Esa fue la historia de Guadalupe y Celestino. Tras conocerse en la ciudad de Pachuca, Hidalgo, aquellos jóvenes de 1942 pusieron su amor a prueba, al mudarse Celestino a la Ciudad de México con el fin de estudiar y prepararse en la gran capital.

Más de seis años de correspondencia epistolar registran, línea a línea, las ansias de encontrarse, las dificultades familiares, las vicisitudes de la vida al ser vivida de lejos, las noches de soledad y la angustia de perder la comunicación y el amor mismo al estar sometidos a la prueba (en aquella época, fatal) de la distancia. Esta serie de cartas dan cuenta de que el amor sigue siendo posible, aún en las circunstancias en que todo parece oponerse al encuentro de dos seres que tienden el uno al otro. Y también nos habla de que, sin esa voluntad decidida del que ama —ni con la instantaneidad de la comunicación electrónica de hoy—, el amor no puede ser posible.

El amor busca el camino, y aquí lo halló en los sobres que viajaban de la Ciudad de México a la oficina de correos de Pachuca, y de Pachuca al Palacio de Correos de México.

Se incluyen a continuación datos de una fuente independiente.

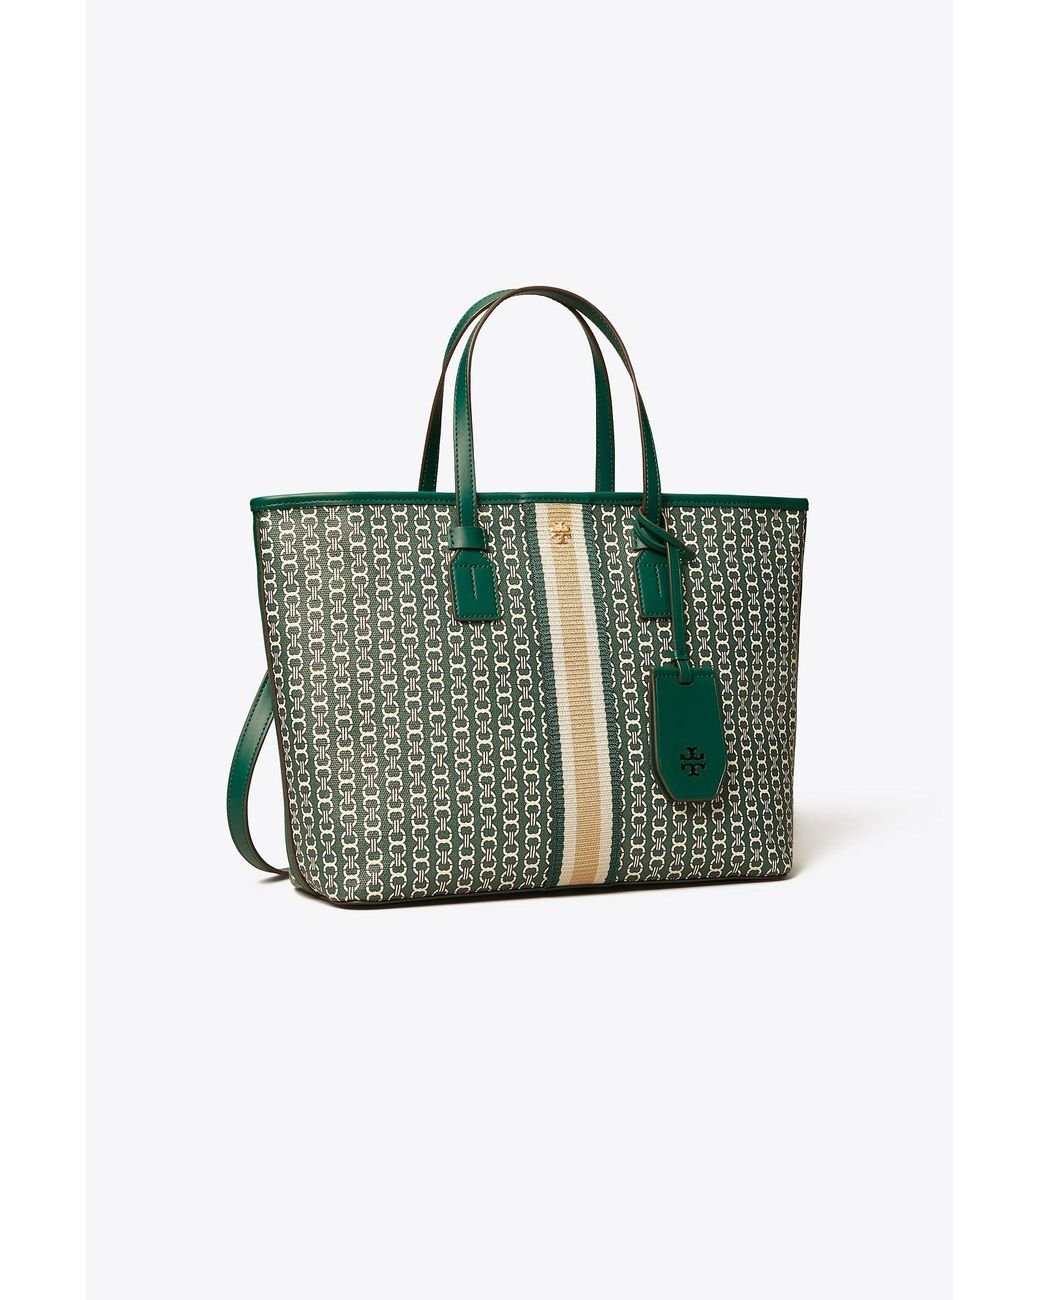 Tory Burch Green Coated Canvas Small Gemini Link Tote Tory Burch

Había un fin concreto en esas misivas, fin que se cumple tras más de seis años de palabras enviadas y recibidas, de mensajes que salen al encuentro de una voluntad empática a la que las envía, de planes que se fraguan en papel y logran finalmente ser realidad tangible sólo para dos.

Se pasa del blanco del papel al del vestido de novia; del negro de la tinta (y de los sobres con ribete de luto) al del traje del joven casi imberbe que lleva a su enamorada al altar; de las ilusiones esbozadas en cada escrito a la realidad de la convivencia de pareja que inició al fin con su matrimonio en un lejano 1949, un 31 de julio… día de San Ignacio de Loyola.

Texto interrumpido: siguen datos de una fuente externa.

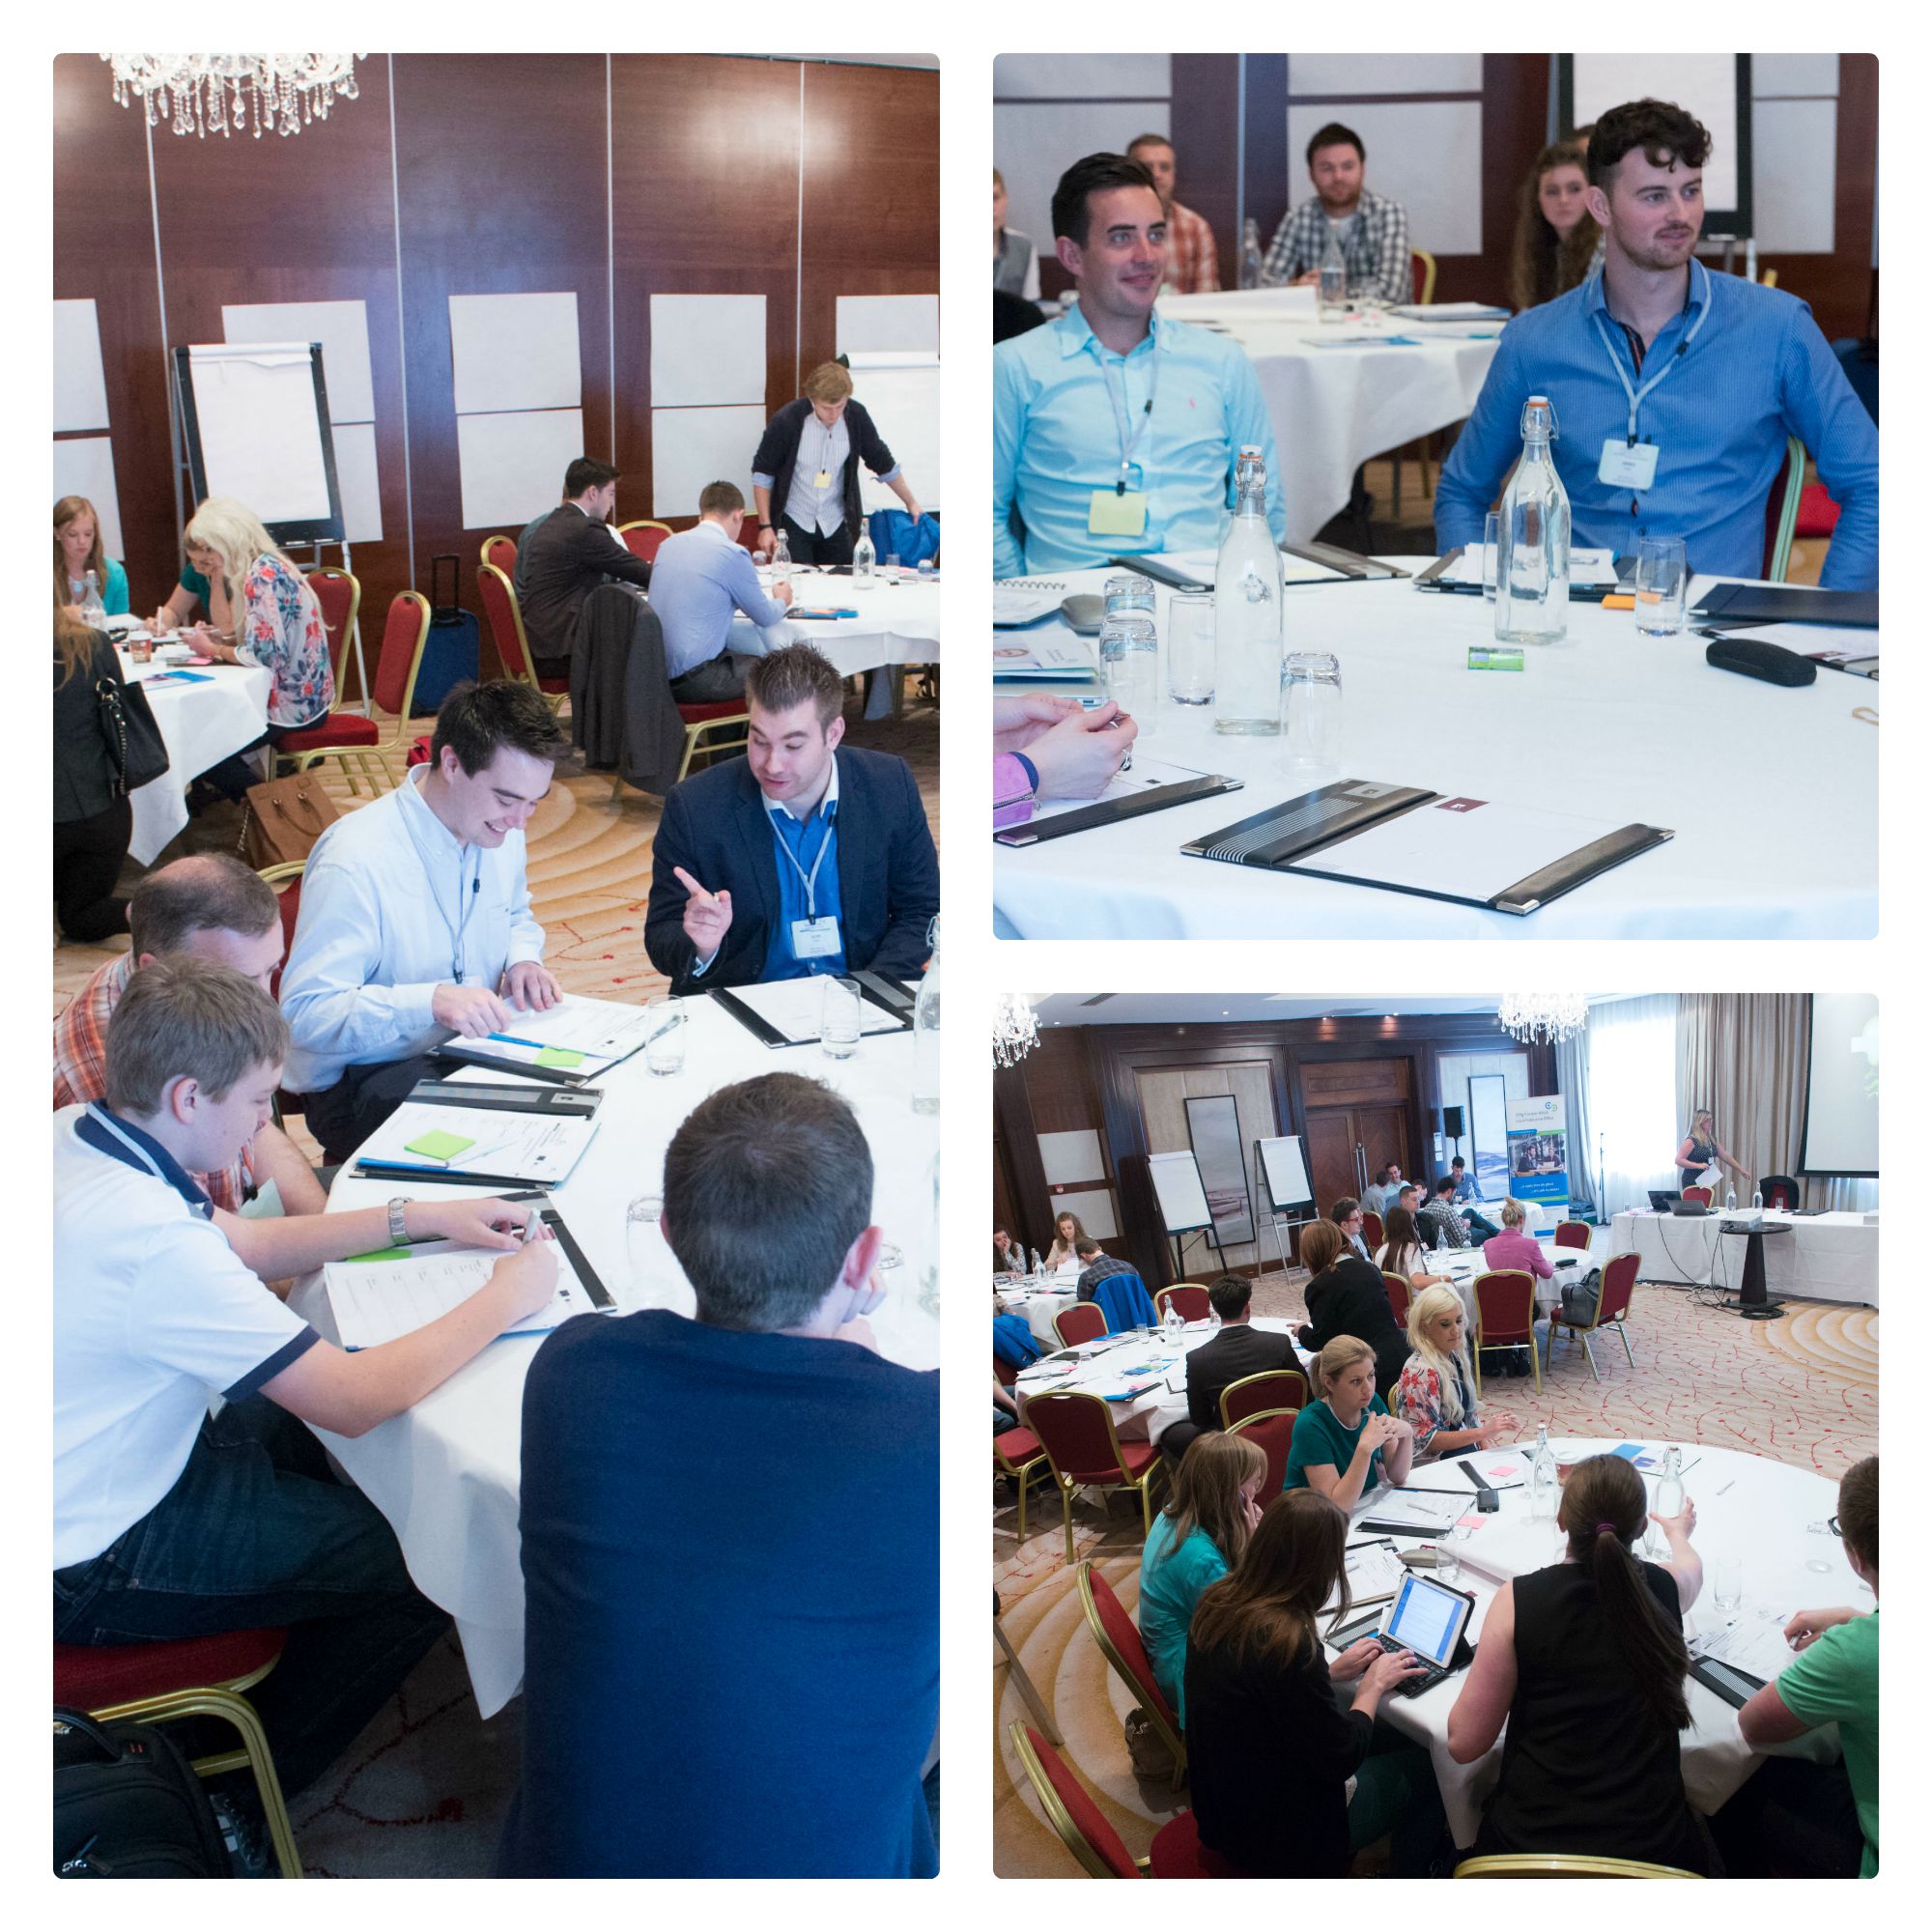 IBYE 2014 bootcamp collage

Echemos un ojo a estas cartas y contemplemos, quizá con asombro desde nuestra realidad de hoy, cómo las convicciones profundas y la fe en un proyecto concebido por un par de jóvenes del siglo pasado, hallaron feliz cabida en el papel y la tinta; viajaron 98 kilómetros para encontrar esos otros ojos que esperaban su lectura… y al leer hoy, quizá encontremos esas emociones que por lejanas se sentirán como nuevas, y tal vez nos conmovamos de tal suerte, que a nuestro modo, en nuestro tiempo, encontremos la manera de sellar también con un beso, una muy actual y posmoderna misiva de amor.